Check out our [sample local configuration files](https://github.com/autogluon/autogluon-bench/blob/master/sample_configs) for local runs.

The results are stored in the following directory: `{WORKING_DIR}/{root_dir}/{module}/{benchmark_name}_{timestamp}`.


### Tabular Benchmark

To perform tabular benchmarking, set the module to tabular. You must set both Benchmark Configurations and Tabular Specific configurations, and each should have a single value. Refer to the [sample configuration file](https://github.com/autogluon/autogluon-bench/blob/master/sample_configs/local_configs.yaml) for more details.

The tabular module leverages the [AMLB](https://github.com/openml/automlbenchmark) benchmarking framework. Required and optional AMLB arguments are specified via the configuration file mentioned previously.

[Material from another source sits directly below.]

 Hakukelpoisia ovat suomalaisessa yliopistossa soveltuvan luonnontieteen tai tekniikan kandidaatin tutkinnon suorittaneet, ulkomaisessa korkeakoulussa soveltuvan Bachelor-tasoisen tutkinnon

To benchmark a custom branch of AutoGluon on `tabular` module, use `amlb_custom_branch: https://github.com/REPO/autogluon#BRANCH` in the configuration file.


### Multimodal Benchmark

For multimodal benchmarking, set the module to multimodal. We currently support benchmarking multimodal on a custom branch. Note that multimodal benchmarking directly calls the MultiModalPredictor, bypassing the extra layer of [AMLB](https://github.com/openml/automlbenchmark). Therefore, the required arguments are different from those for tabular.

You can add more datasets to your benchmarking jobs. We provided sample [multimodal datasets](https://github.com/autogluon/autogluon-bench/blob/master/src/autogluon/bench/datasets/multimodal_dataset.py) and [object detection dataset](https://github.com/autogluon/autogluon-bench/blob/master/src/autogluon/bench/datasets/object_detection_dataset.py). Follow these samples to add custom datasets, then specify dataset_name in your local config file. Please follow the section `Install From Source` for more instructions on how to develop with source.

## Run benchmarks on AWS

AutoGluon-Bench uses the AWS CDK to build an AWS Batch compute environment for benchmarking.

To get started, install [Node.js](https://nodejs.org/) and [AWS CDK](https://docs.aws.amazon.com/cdk/v2/guide/getting_started.html#getting_started_install) with the following instructions:

1. Install [Node Version Manager](https://github.com/nvm-sh/nvm#installing-and-updating).
2. Source profile or restart the terminal.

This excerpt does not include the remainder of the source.